Democratic presidential frontrunner Joe Biden’s attempt to demonstrate to voters that he would be a more competent and trustworthy leader amid the COVID-19 crisis is not going over well, including with left-leaning fact-checkers.

The Biden campaign’s coronavirus informational video posted Saturday — part of Biden’s “shadow” COVID-19 briefings series — not only failed to feature the candidate himself, it needlessly worked in a claim about President Trump’s handling of the situation egregious enough that The Washington Post felt compelled to weigh in on it. The result was Biden’s team getting slapped with four Pinocchios.

On Saturday, Biden tweeted out an informational video hosted by Ron Klain, the Obama administration’s Ebola outbreak response coordinator, which quickly went viral (below). Among the claims made by Klain was that Trump supposedly “silenced” officials who “raised an alarm” about the threat of COVID-19, including Dr. Nancy Messonnier, the director of the National Center for Immunization and Respiratory Disease:

Klain: All the while, anyone who raised an alarm about this — a red flag — was silenced. Look no further than Dr. Nancy Messonnier, a career official at the Centers for Disease Control who was the first to raise the alarm. … Starting the next day, Dr. Messonnier no longer appeared at public briefings of the White House coronavirus task force. The president and the White House sent a clear message to scientists in the government — there would be a price for speaking out and speaking up.

But as Post fact-checker Glenn Kessler puts it, “Klain’s framing of the Messonnier situation is simply wrong.” Trump was indeed reportedly upset by Messonnier’s public statements, but there’s simply no evidence that he tried to “silence” her or other officials in any way.

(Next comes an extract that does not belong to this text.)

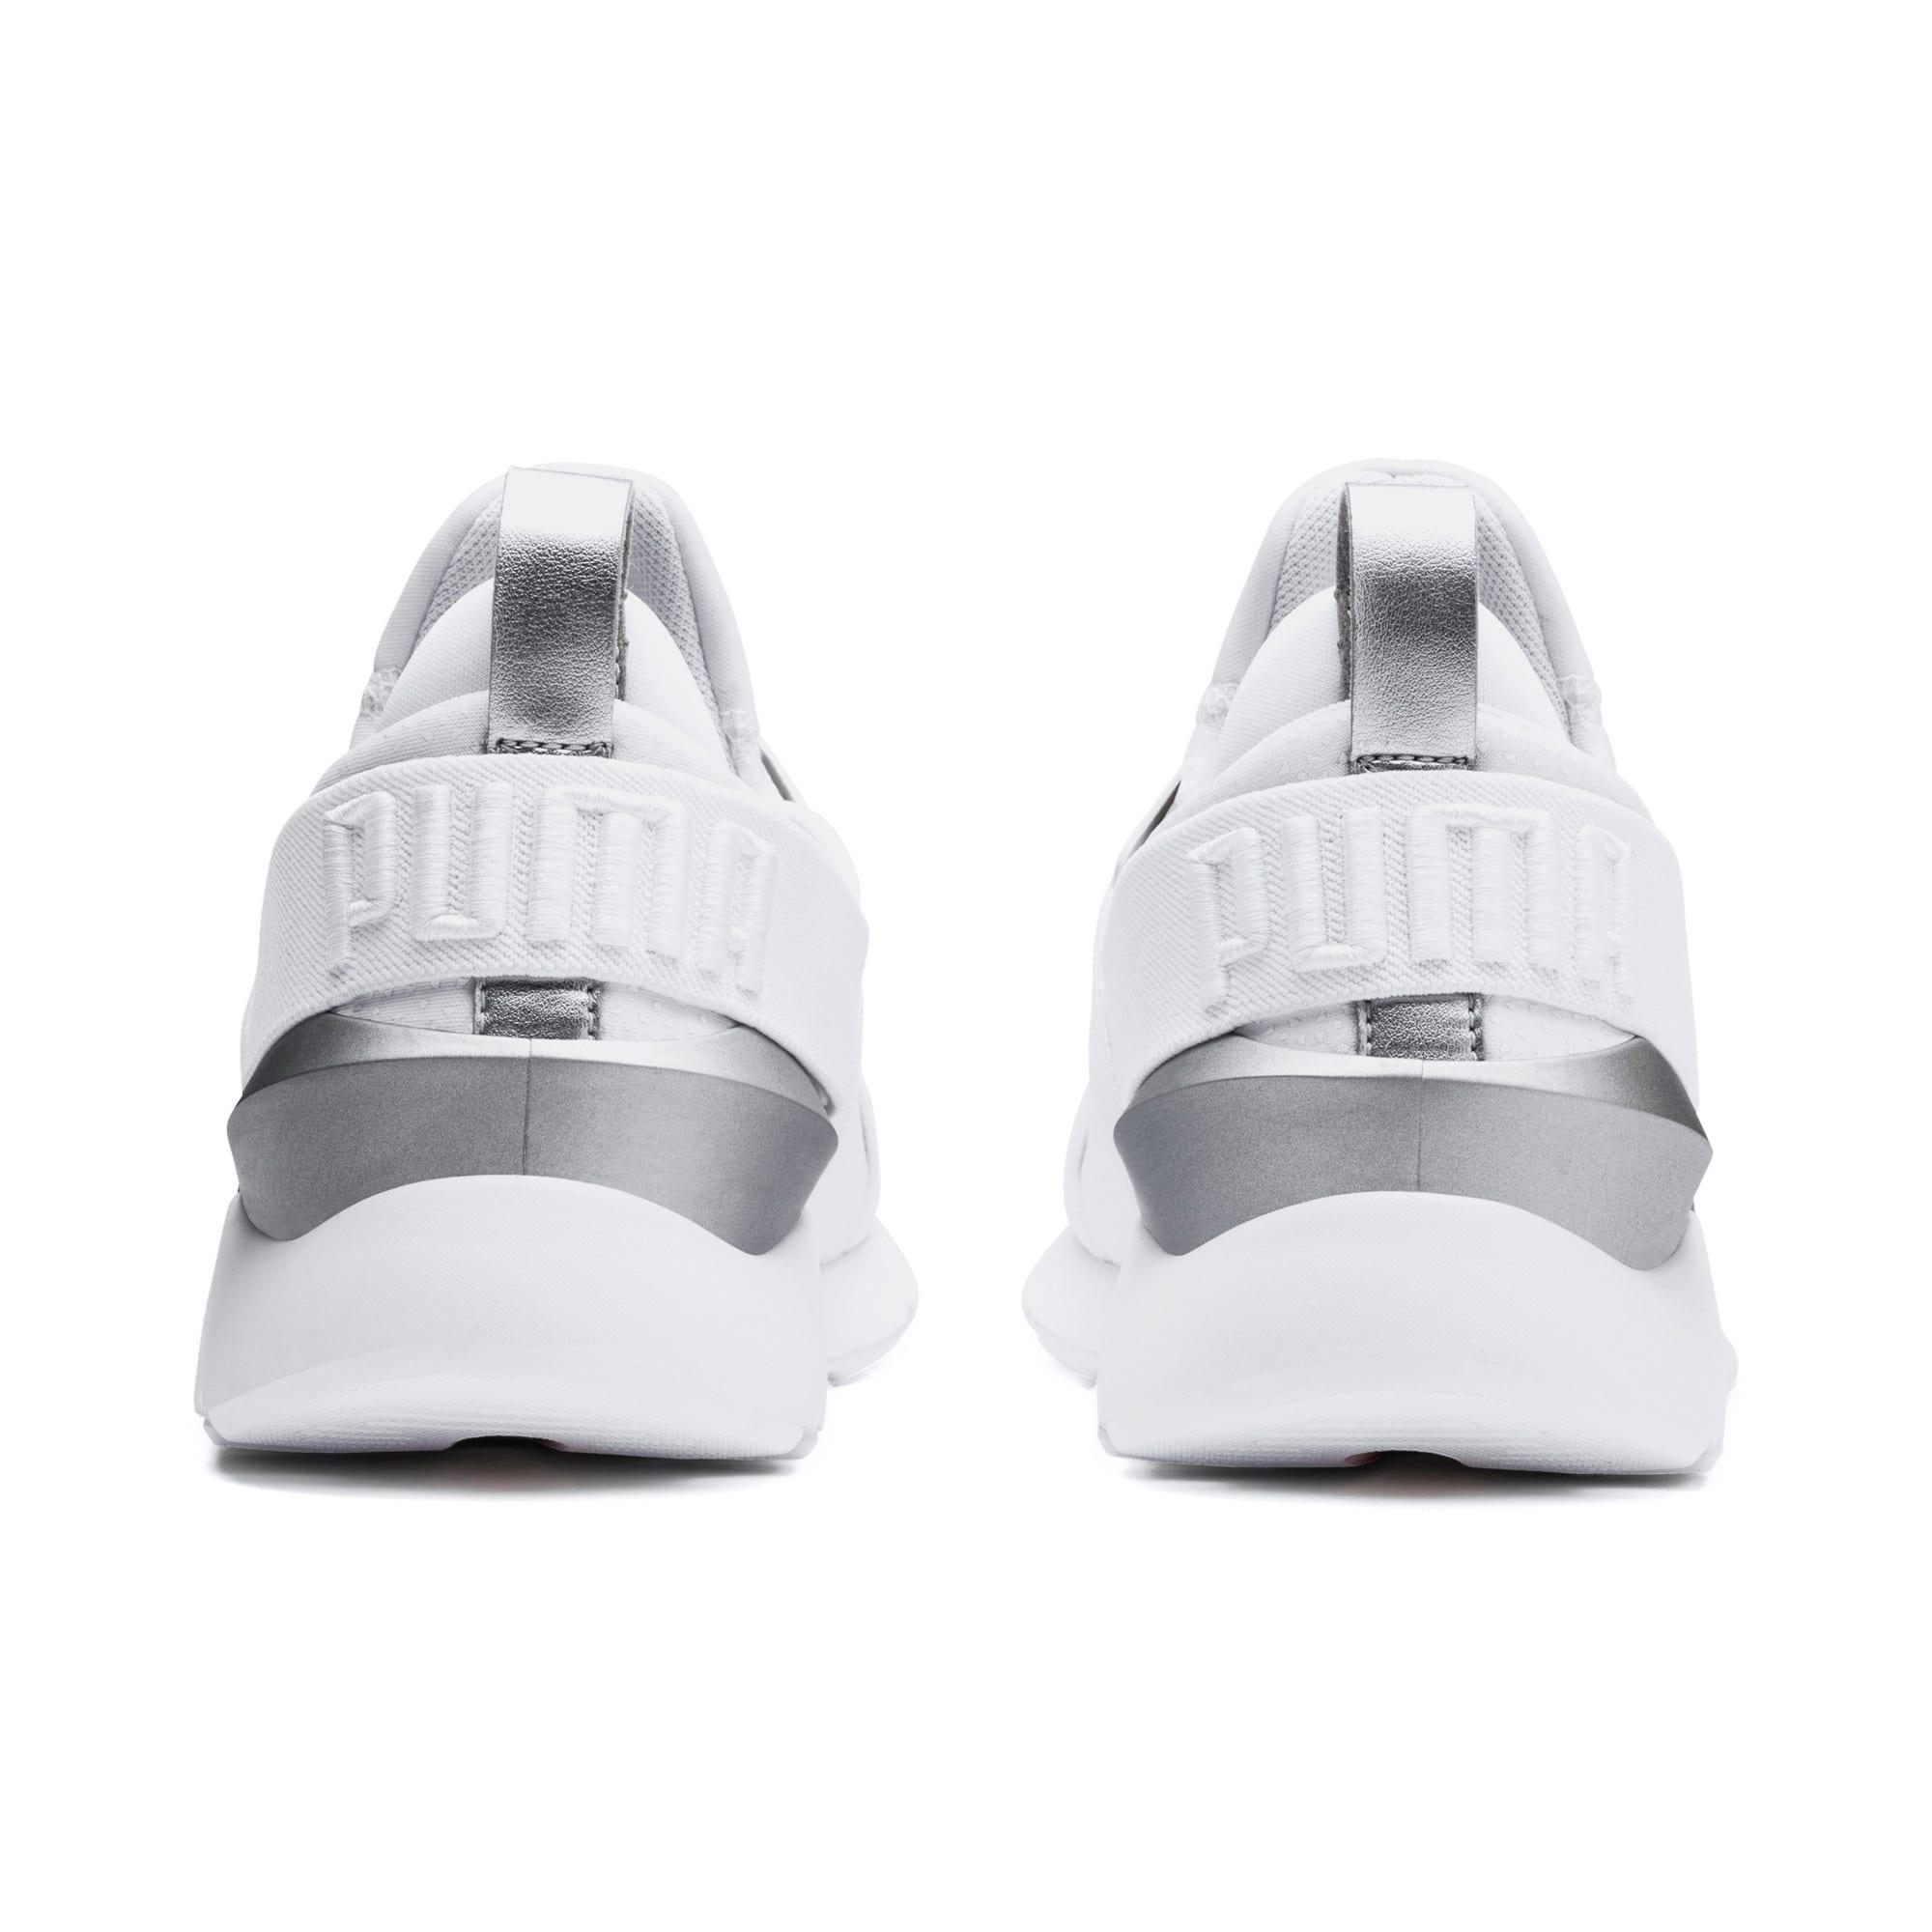 Thumbnail 3 of Muse Perf Women's Sneakers, Puma White-Puma Silver, medium

During a Feb. 25 phone briefing, Messonnier warned, “It’s not so much a question of if this will happen anymore but rather more a question of exactly when this will happen and how many people in this country will have severe illness.” She went on to suggest we would experience “significant disruption of our lives” and potential “school dismissals or school closures” in the U.S.

The Post was among the outlets that initially reported on Trump’s response to Messonnier’s statements:

On Feb. 25, Nancy Messonnier, a senior CDC official, sounded perhaps the most significant public alarm to that point, when she told reporters that the coronavirus was likely to spread within communities in the United States and that disruptions to daily life could be “severe.” Trump called [Health and Humans Services Sec. Alex Azar] on his way back from a trip to India and complained that Messonnier was scaring the stock markets, according to two senior administration officials.”

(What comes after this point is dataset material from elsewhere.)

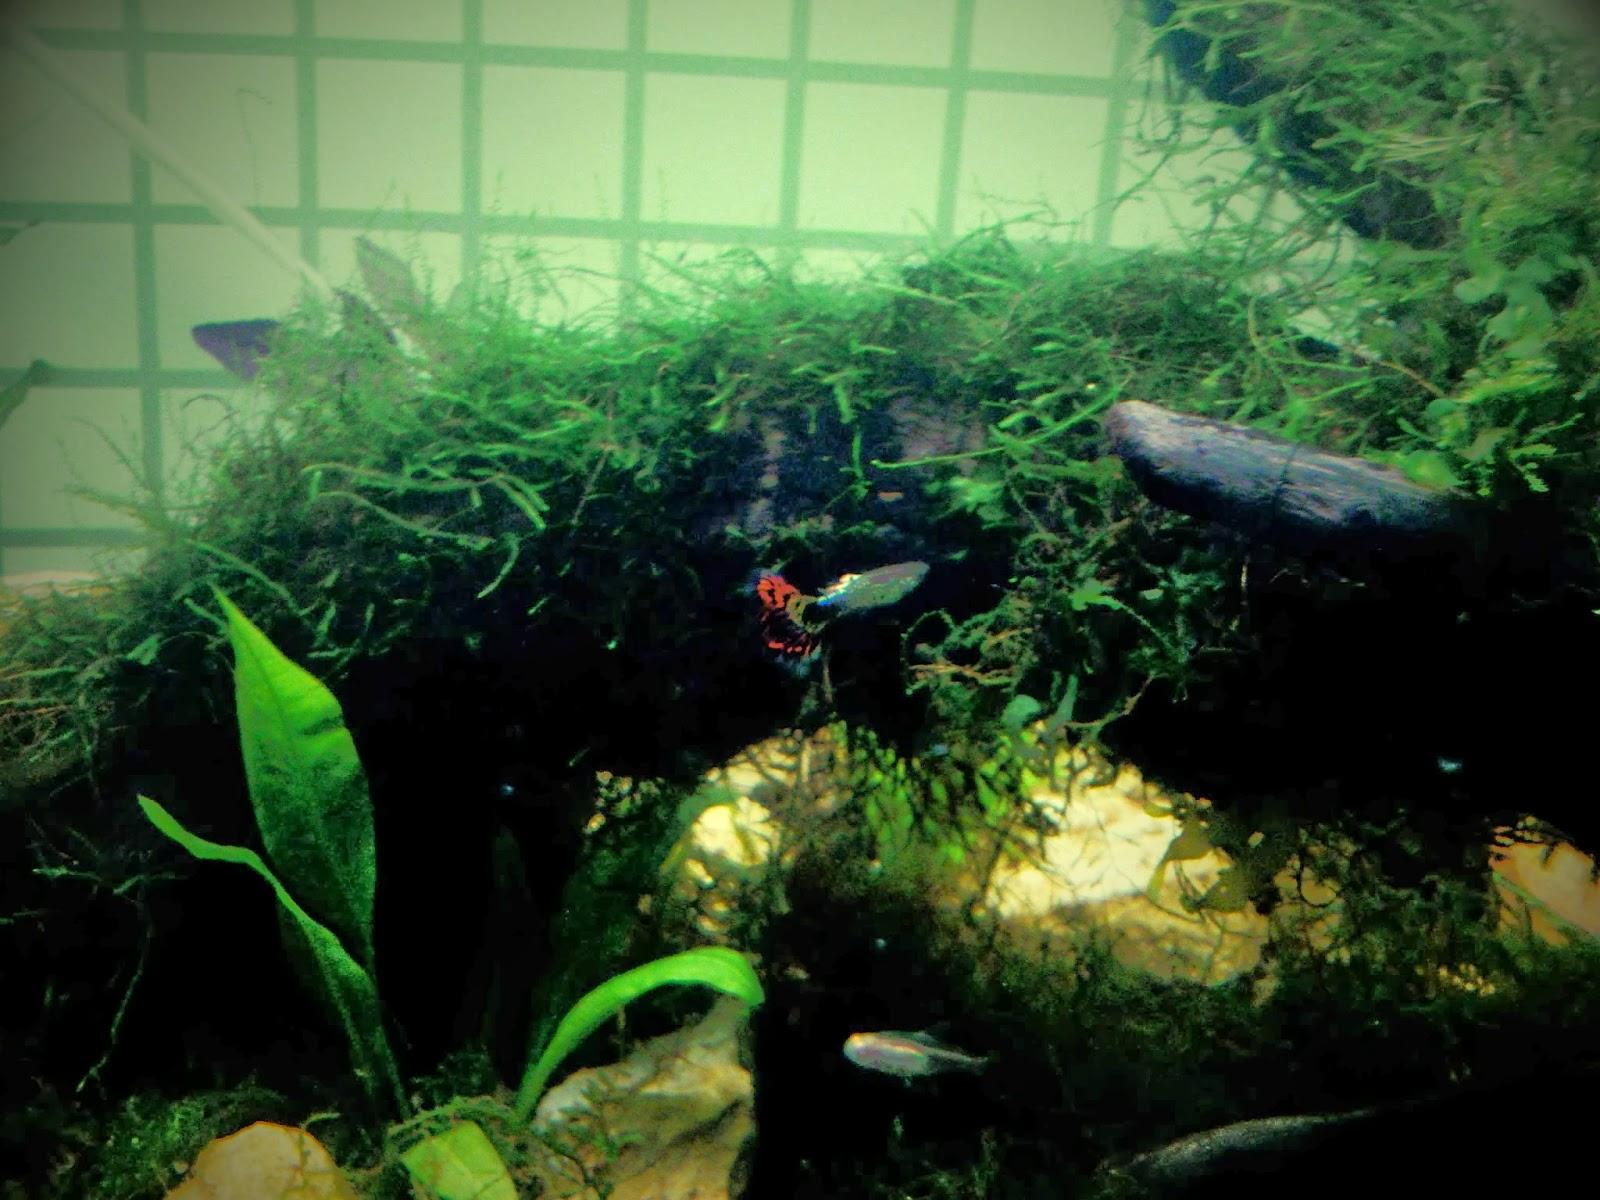 Artikel Tentang Cara Membuat Filter Aquarium Murah Dan Sederhana | CA ...

But did Trump then try to “silence” her? Kessler says that claim is baseless. Kessler describes how Biden’s video so deceptively frames the situation:

In the Biden video, Klain claims there was immediate blowback: “Starting the next day, Dr. Messonnier no longer appeared at public briefings of the White House coronavirus task force. The president and the White House sent a clear message to scientists in the government — there would be a price for speaking out and speaking up.” The video imposes question marks over the heads of the people appearing onstage with Trump on Feb. 26.

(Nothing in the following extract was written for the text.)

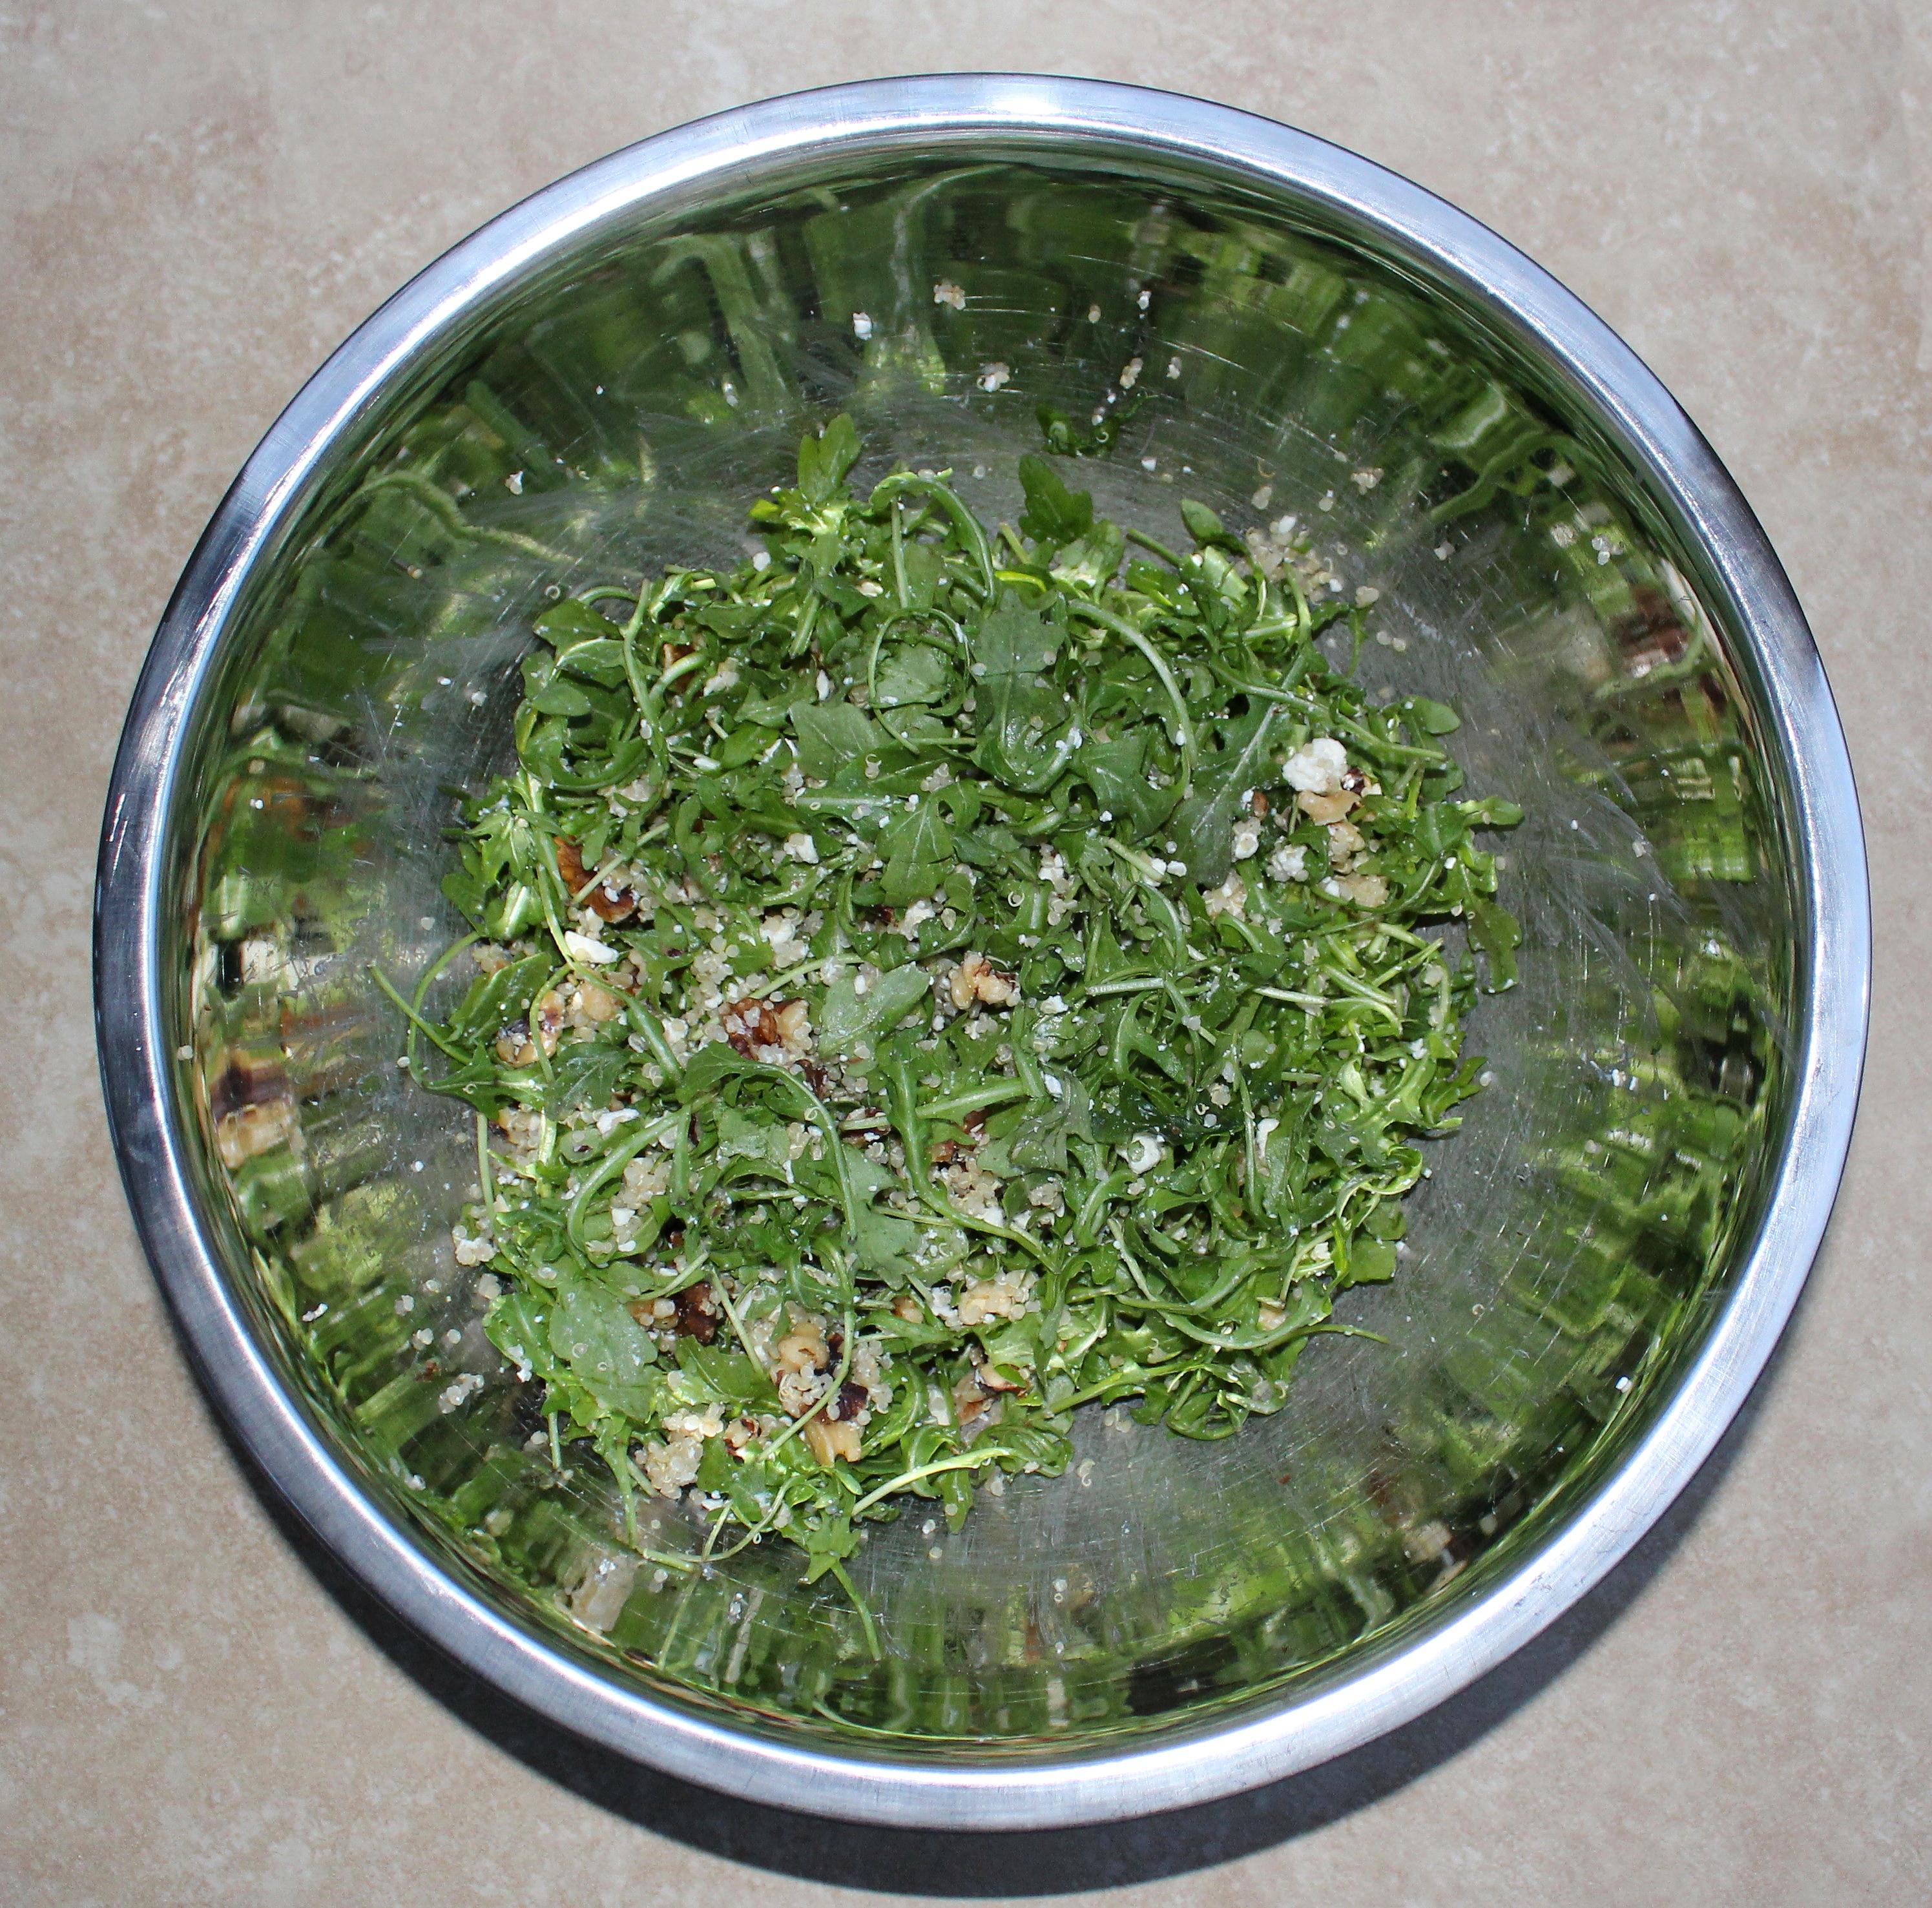 Arugula Quinoa Salad with Baked Pears and Meyer Lemon Vinaigrette 2

But if you look closely, you will see there is a woman standing next to Trump. Who’s that? Anne Schuchat, the CDC’s principal deputy director — and Messonnier’s superior.

Schuchat, Kessler explains, had delivered, just one day before, almost the identical message as Messonnier, saying in a coronavirus task force news conference: “It’s not so much a question of if this will happen anymore, but rather more a question of exactly when this will happen, and how many people in this country will become infected? And how many of those will develop severe or more complicated disease?”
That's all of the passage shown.